A: For short documents (tweets, titles): use a smaller window_size (2), and consider increasing max_phrase_length to capture the few meaningful phrases. For long documents: use SingleRank (cross-sentence windowing improves recall) or MultipartiteRank (topic clustering promotes diversity). Consider adjusting top_n relative to document length -- a 50-word tweet might only have 3-5 meaningful keyphrases, while a 5,000-word article might justify 20-30.


Q: What does use_pos_in_nodes do?

A: When True (the default), graph nodes are keyed as "lemma|POS" (e.g., "learning|NOUN" vs "learning|VERB"). This prevents different word senses from sharing a node, which improves precision when the same surface form is used as both a noun and a verb.
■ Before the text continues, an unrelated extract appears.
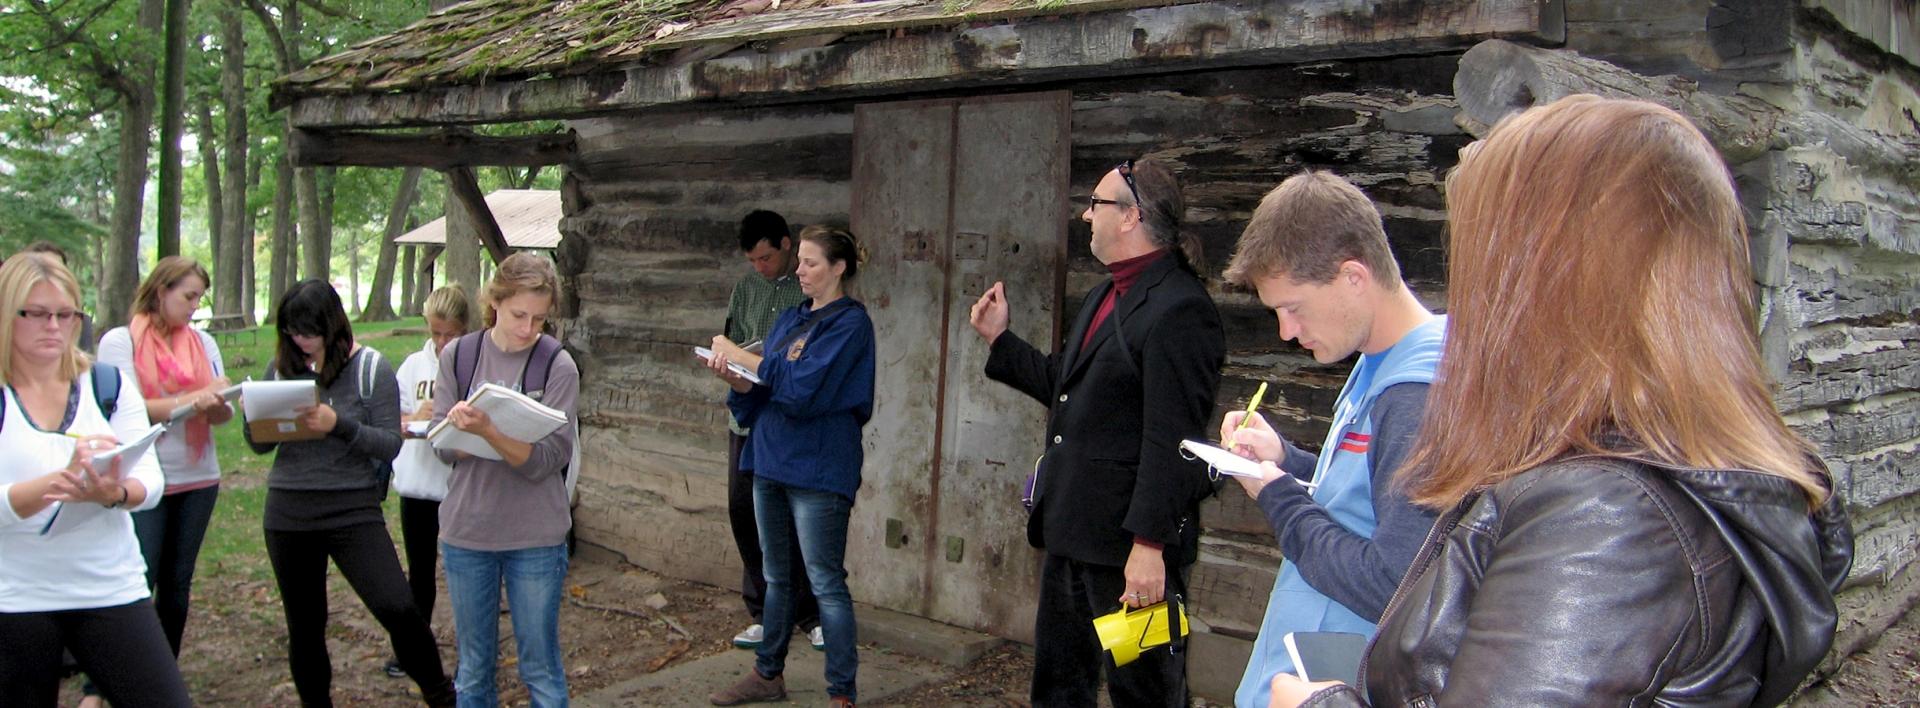 Art students at an iowa log cabin field trip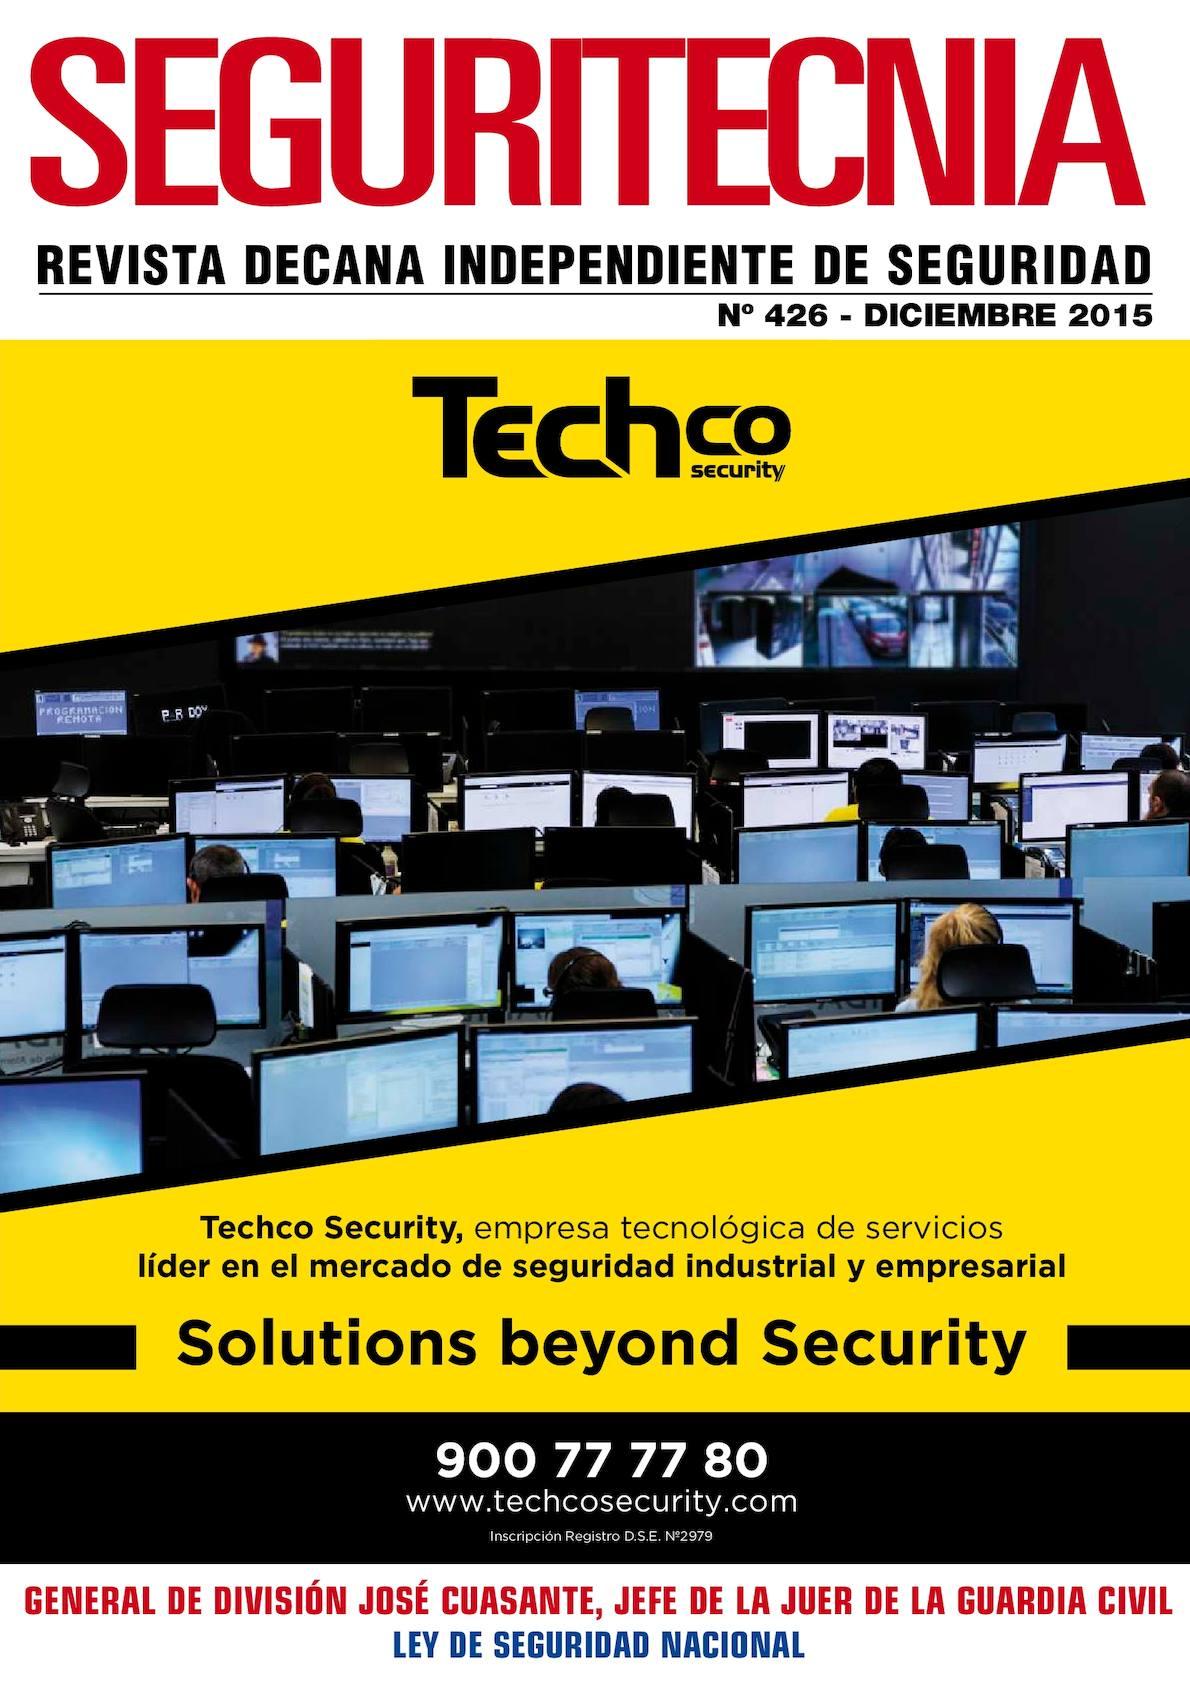 7f79675483a Calaméo - Reportaje sobre la Ley de Seguridad Nacional:

Set to False to collapse all POS variants of the same lemma into one node, which can improve recall at the cost of conflating different senses.


Q: What does phrase_grouping do?

A: Controls how phrases are grouped for deduplication. "scrubbed_text" (the default) groups by lowercase surface form, so "Machine Learning" and "machine learning" merge into one entry. "lemma" groups by lemmatized form, merging "machine learning" and "machine learns" into one entry. Use "lemma" when you want canonical forms (e.g., for spreadsheets or databases); use "scrubbed_text" when you want output that reads naturally.